* THE TASK
Reproduce the lines below exactly, from the one containing "Nestle Breakaway chocolate bars Stock Photo" through the one containing "Пикник с фруктами.", both included. Leave out any pictures.

* RECORDS SHOWN
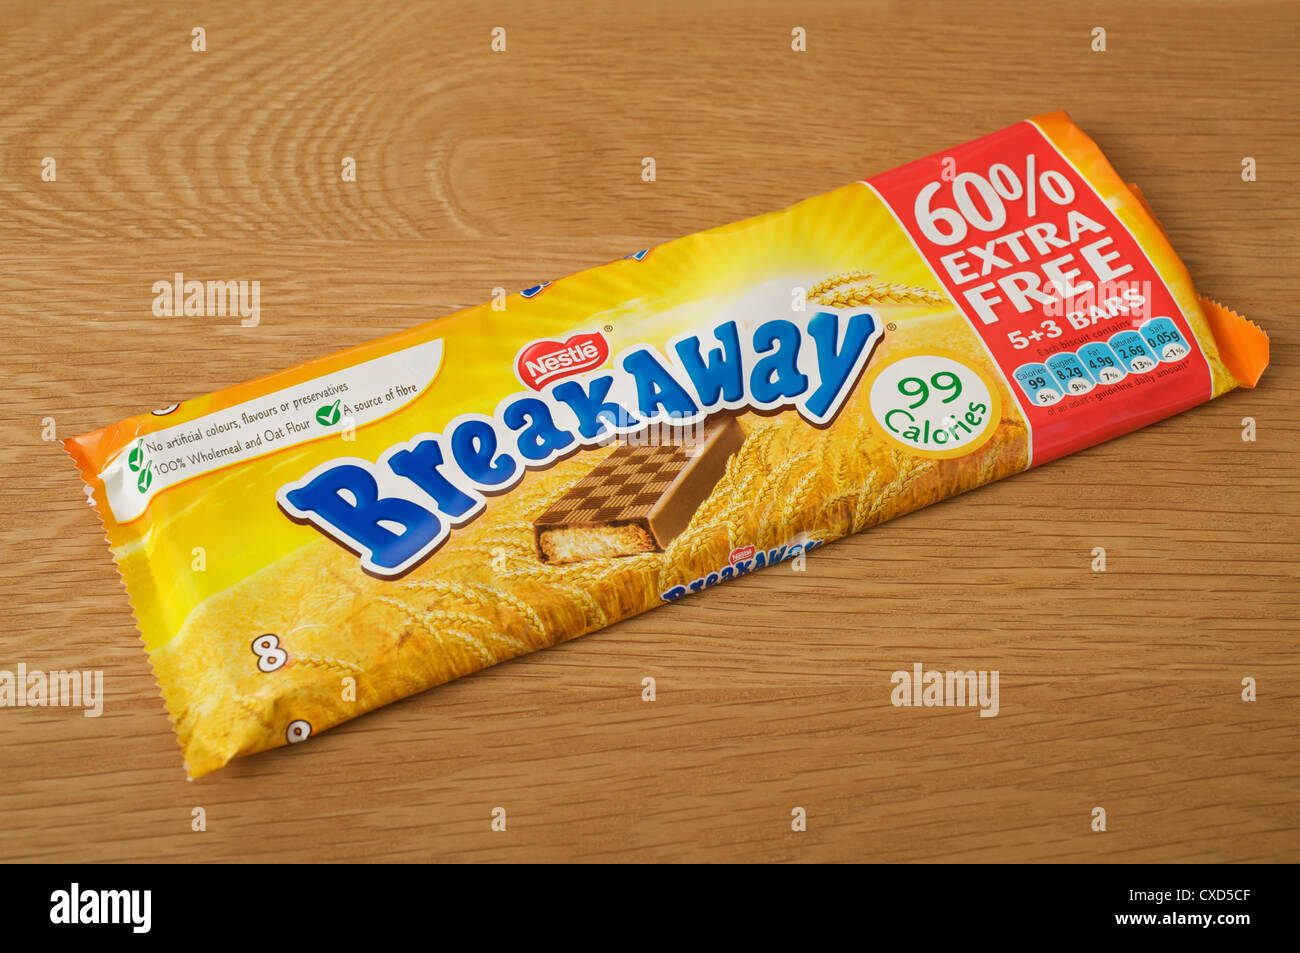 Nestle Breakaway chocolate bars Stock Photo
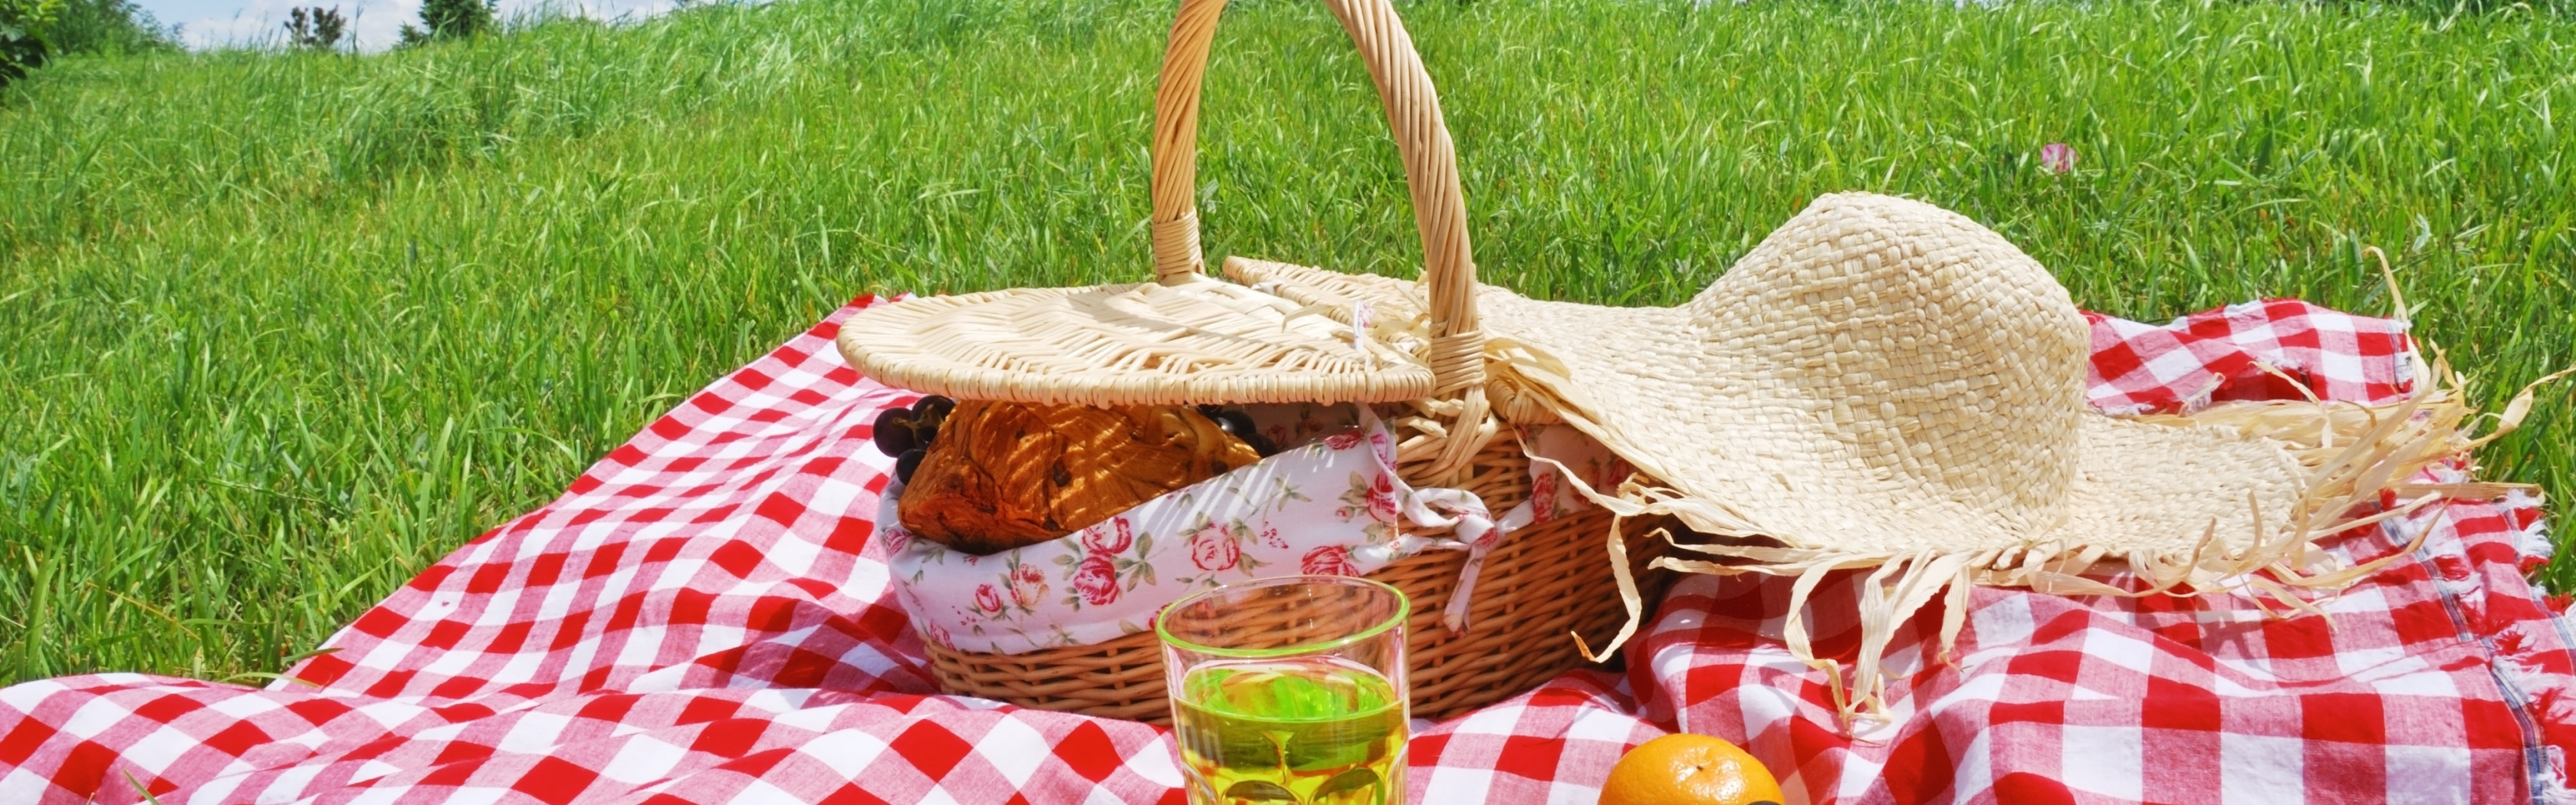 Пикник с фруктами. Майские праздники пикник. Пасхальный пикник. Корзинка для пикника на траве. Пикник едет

--

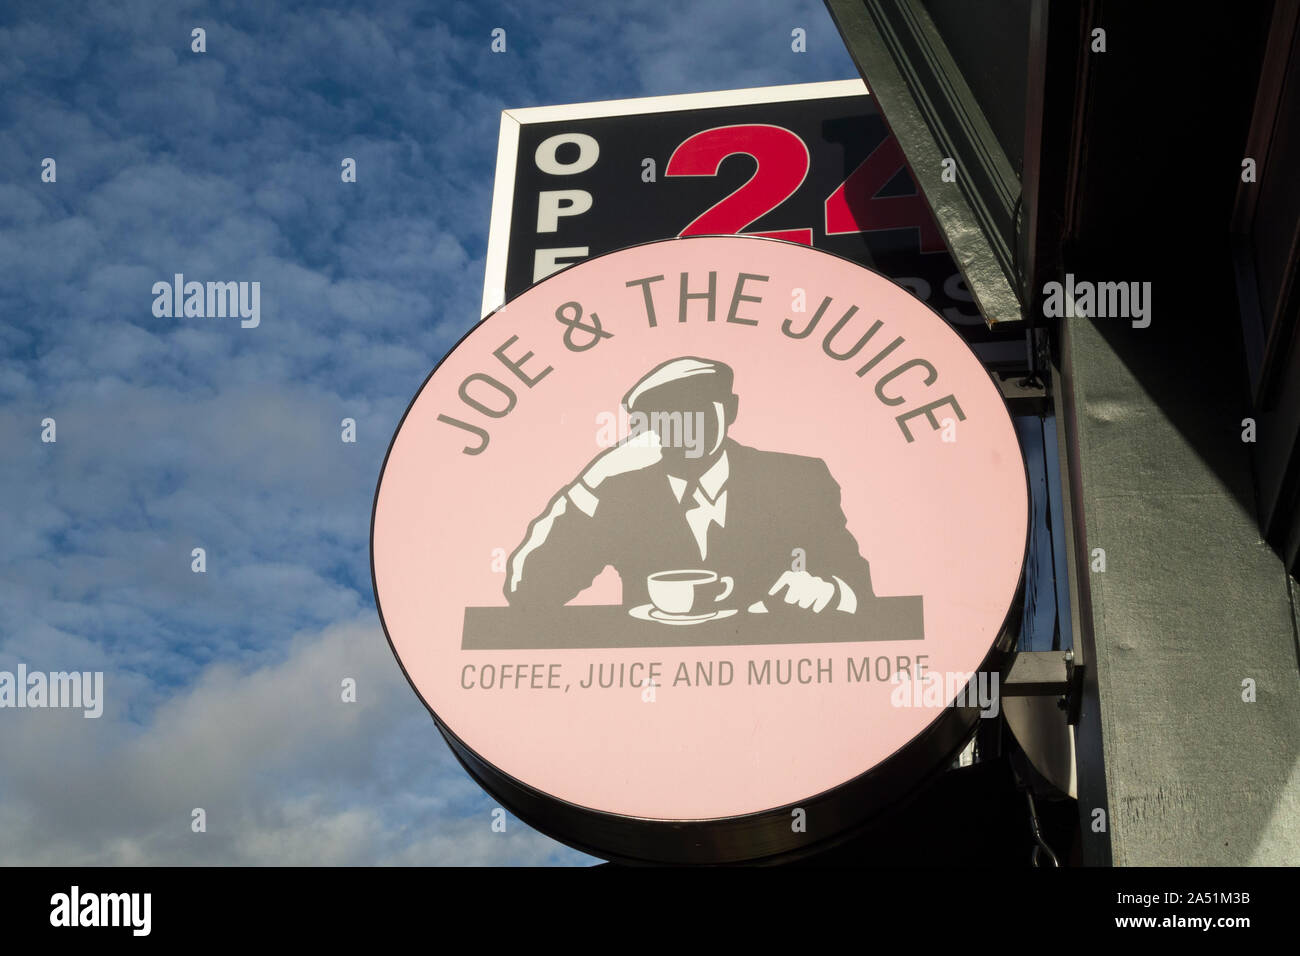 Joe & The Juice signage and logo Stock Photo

---

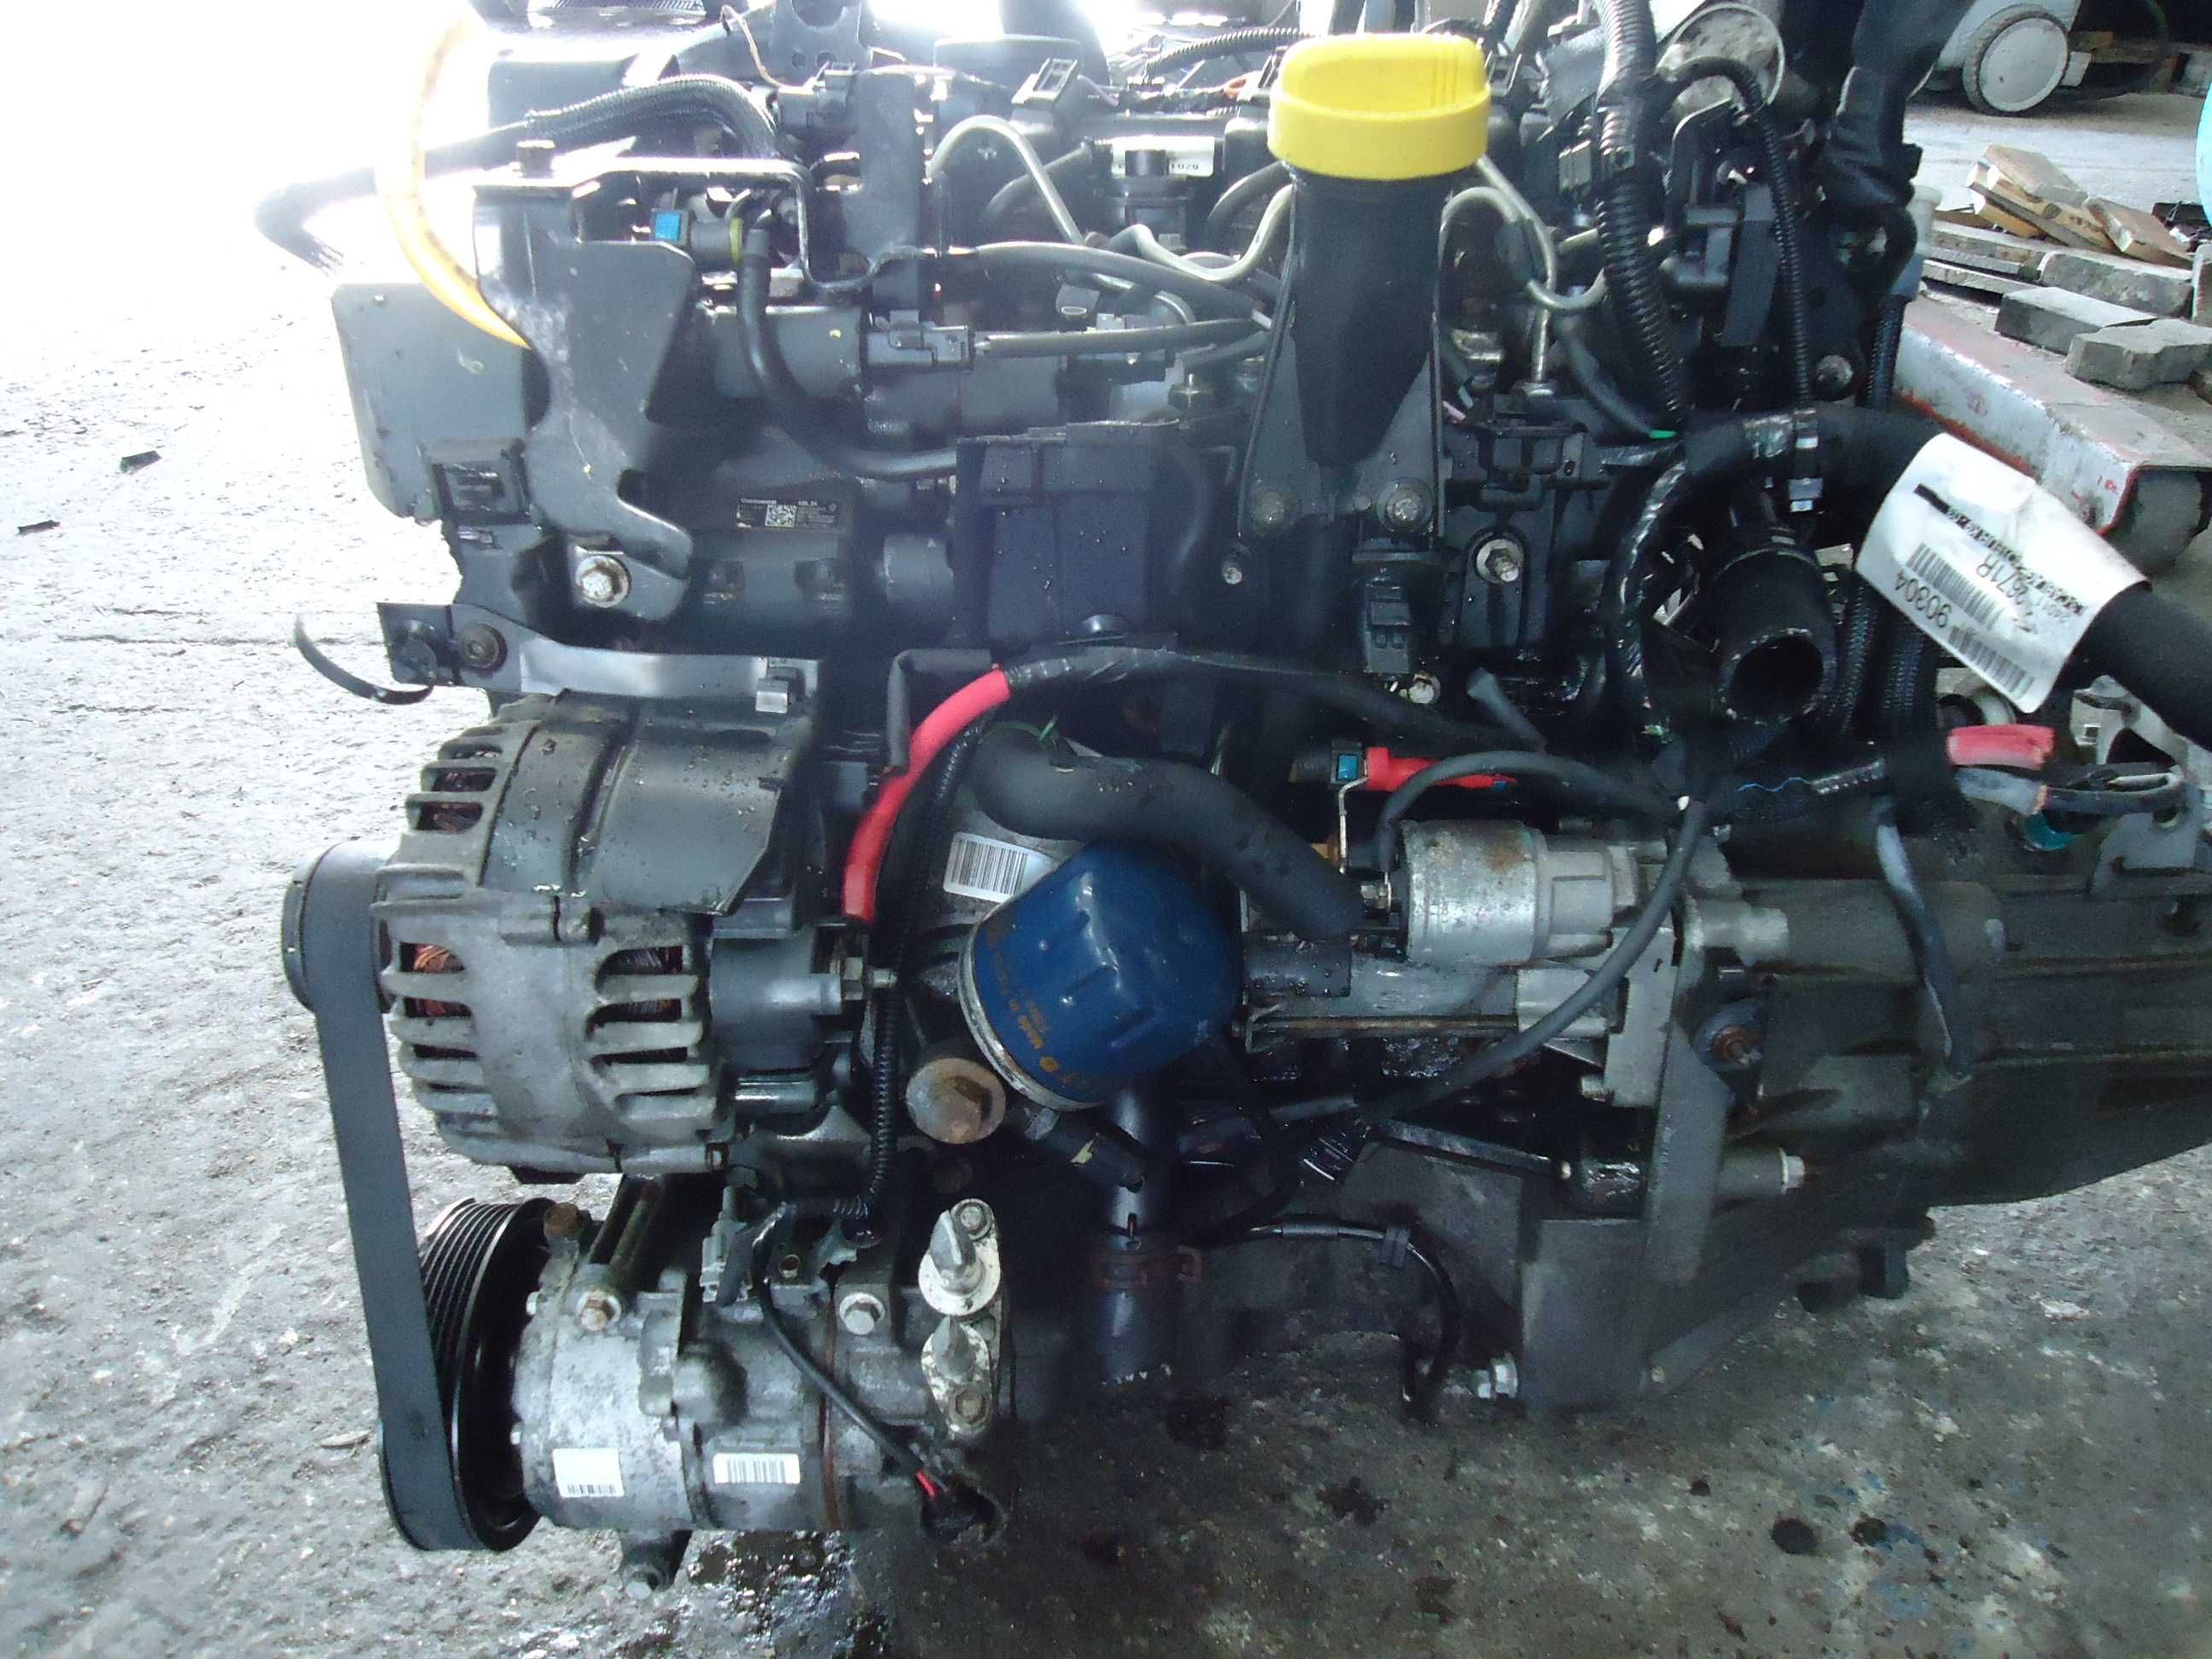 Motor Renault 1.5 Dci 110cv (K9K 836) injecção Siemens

* EXERCISE RESPONSE
 Nestle Breakaway chocolate bars Stock Photo
 Пикник с фруктами. Майские праздники пикник. Пасхальный пикник. Корзинка для пикника на траве. Пикник едет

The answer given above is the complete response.